I can restart the vCenter Server service fine after that.  It seems like its trying to write to the DB, fails, then it stops.  I have the DB running on an external SQl 2008 server.  The VIM_VCDB db is approx 9.5 GB, which seems very large to me. Ive set the Database Retention Policy to 90 days. I took a full backup of the DB and tried to shrink it 4-5 times but it doesnt every really shrink.  I did do the log files as well and that shrunk a lot.

Any thoughts on this?  Nothing really changed and this started happening this week.

Thanks-

Rob

Reply
0 Kudos
1 Solution

Accepted Solutions
kfeina
Enthusiast
Enthusiast
Jump to solution

We think that  the problem is related to the SQL JOB:  Past Day stats rollup.  This job is  executed each 30 minuts.
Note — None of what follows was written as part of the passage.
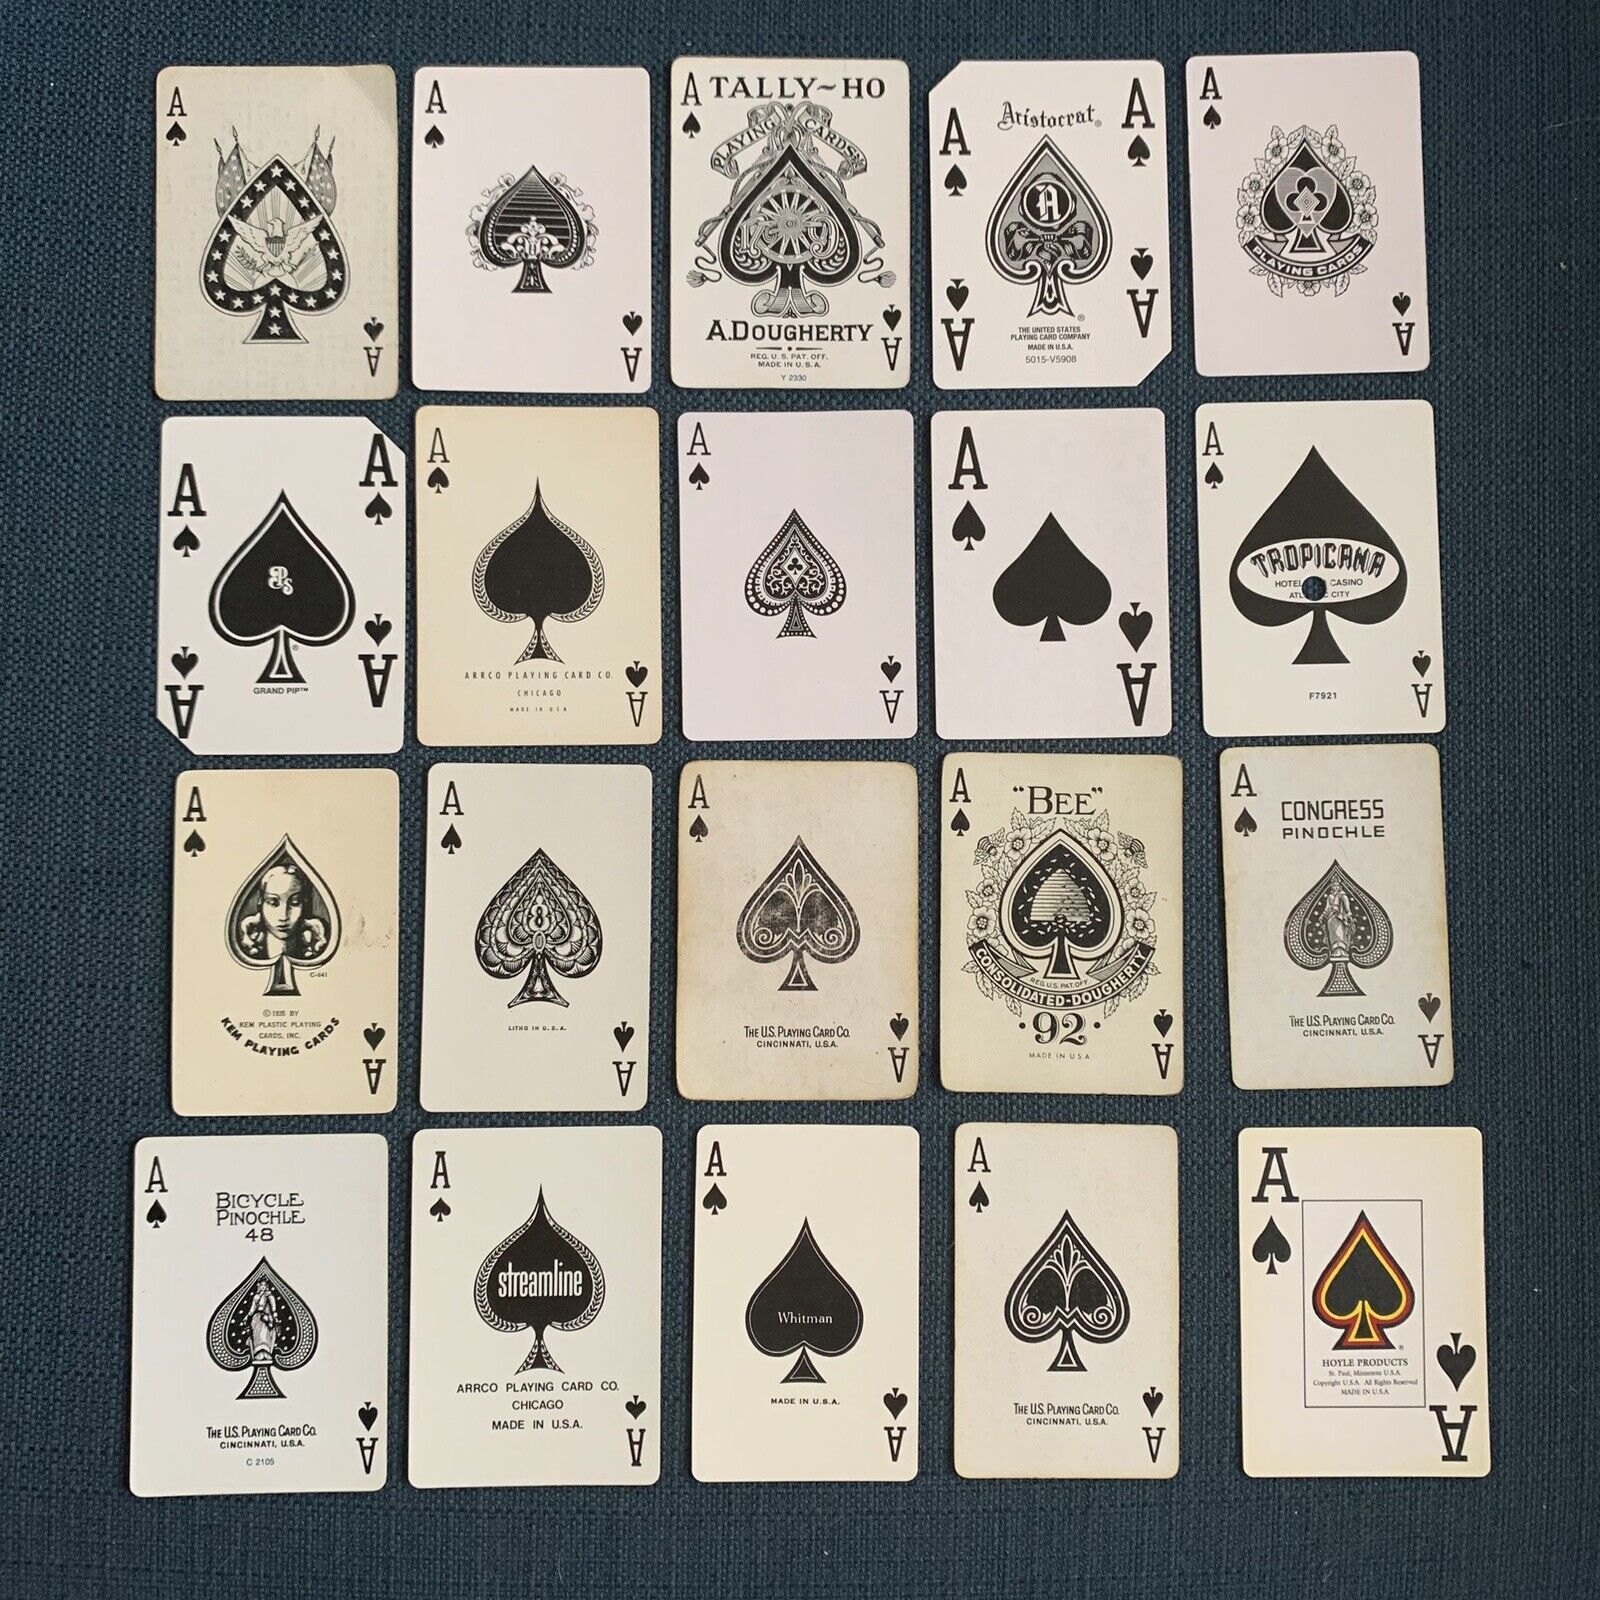 Vintage Single Swap Ace of Spades Playing Cards Unique Lot of 20 - Set #1

The job fills and  delete rows of the table VPX_HIST_STAT1. 

If something goes  wrong, the table can grow a lot (each 30 minutes new data can be added but not  deleted if the second step of the job fails).

In our case , we had  90.000.000 of rows on the table, so the Past Day stats never ends.

        Having the DB  in Full mode did the log full very quickly (doing a rollback DB after) and the  job fails, until the next 30 minutes that it also fails and ......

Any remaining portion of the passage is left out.